Task to carry out — Of the entries below, restate word for word only the section that runs from the line with "80% der Verbraucher" to the line with "Wielki Turniej Piłki", counting both ends.

Information provided —
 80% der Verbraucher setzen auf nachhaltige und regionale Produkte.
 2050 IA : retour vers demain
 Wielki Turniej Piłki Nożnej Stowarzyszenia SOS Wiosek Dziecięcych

==

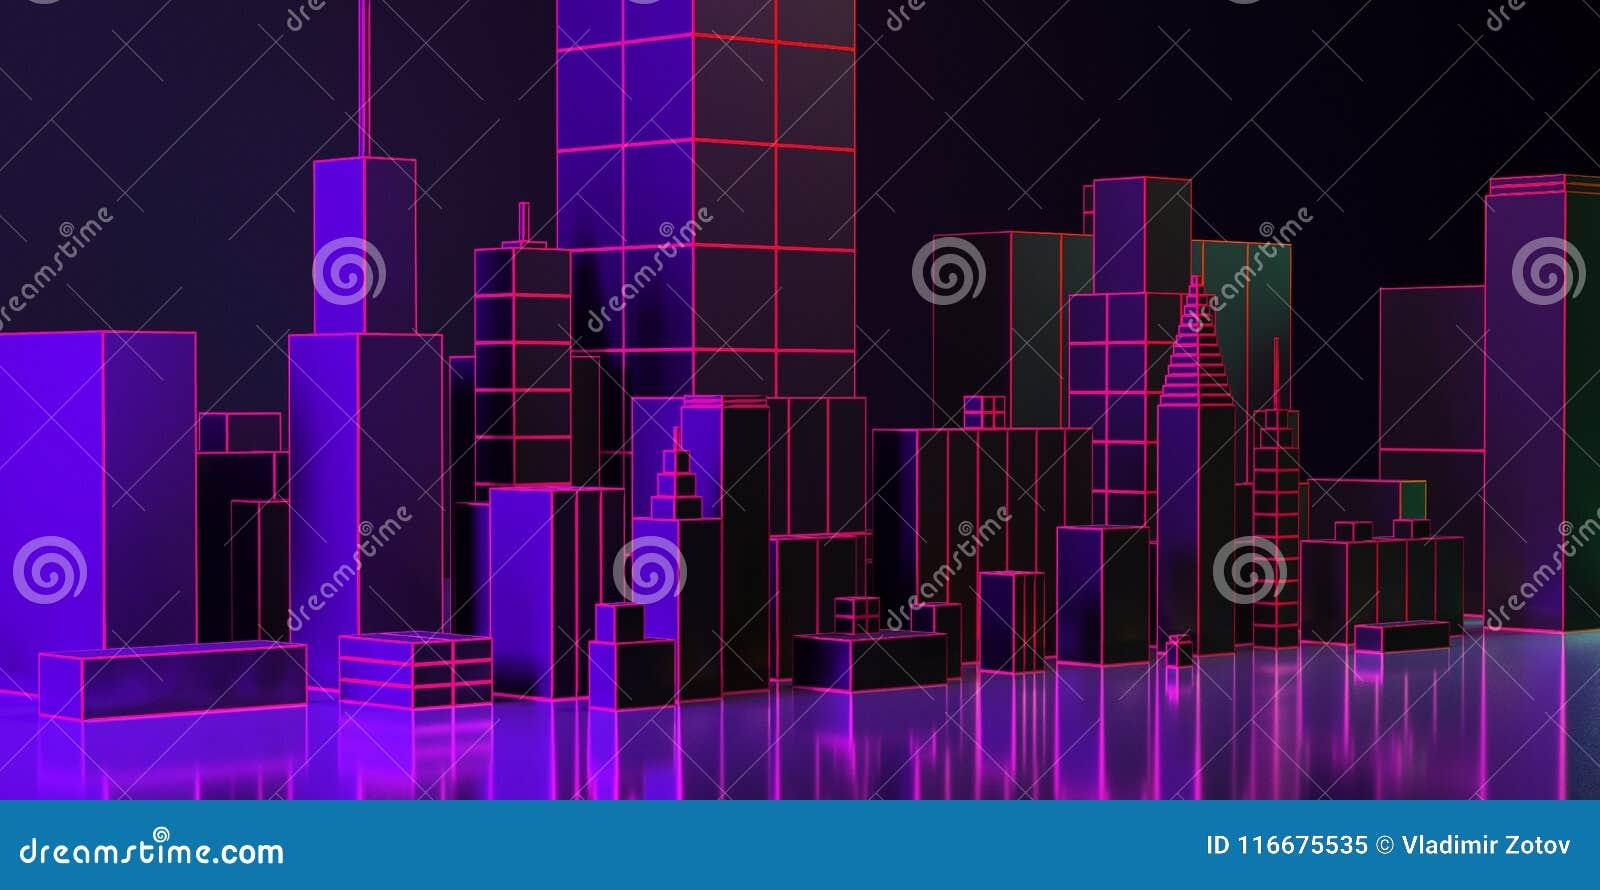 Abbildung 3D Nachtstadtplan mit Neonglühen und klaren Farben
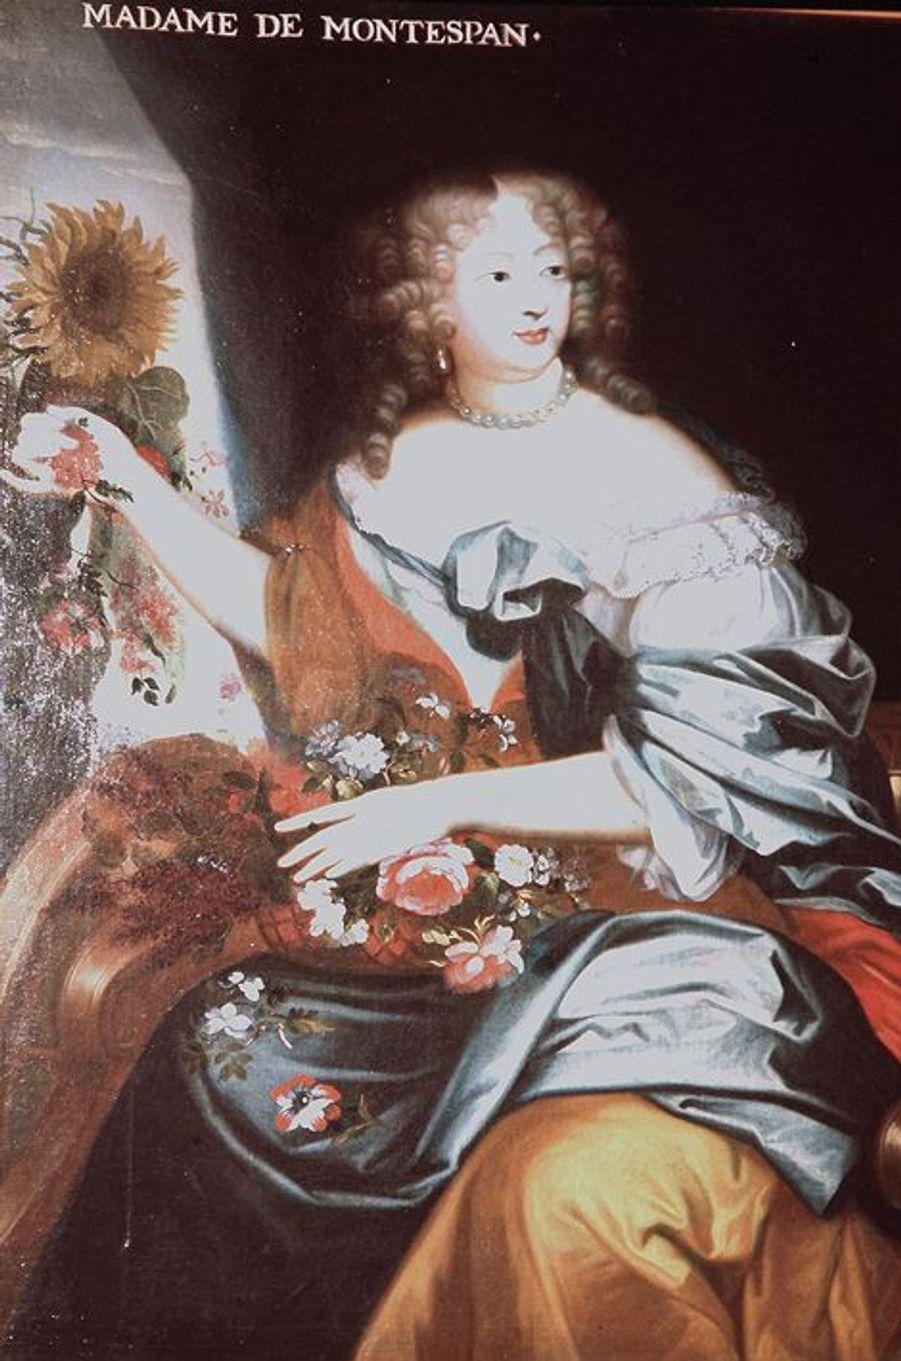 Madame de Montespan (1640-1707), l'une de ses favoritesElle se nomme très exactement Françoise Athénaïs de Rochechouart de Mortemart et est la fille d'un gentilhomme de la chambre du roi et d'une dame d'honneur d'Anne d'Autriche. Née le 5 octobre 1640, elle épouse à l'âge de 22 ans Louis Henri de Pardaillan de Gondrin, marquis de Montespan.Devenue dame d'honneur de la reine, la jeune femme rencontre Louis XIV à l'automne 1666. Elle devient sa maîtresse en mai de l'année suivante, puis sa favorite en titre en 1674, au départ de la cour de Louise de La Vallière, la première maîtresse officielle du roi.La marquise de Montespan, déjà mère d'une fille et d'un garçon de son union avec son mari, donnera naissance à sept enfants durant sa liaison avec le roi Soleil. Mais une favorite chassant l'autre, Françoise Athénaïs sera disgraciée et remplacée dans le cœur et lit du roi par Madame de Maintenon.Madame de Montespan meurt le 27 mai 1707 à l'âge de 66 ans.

Exercise result —
 80% der Verbraucher setzen auf nachhaltige und regionale Produkte.
 2050 IA : retour vers demain
 Wielki Turniej Piłki Nożnej Stowarzyszenia SOS Wiosek Dziecięcych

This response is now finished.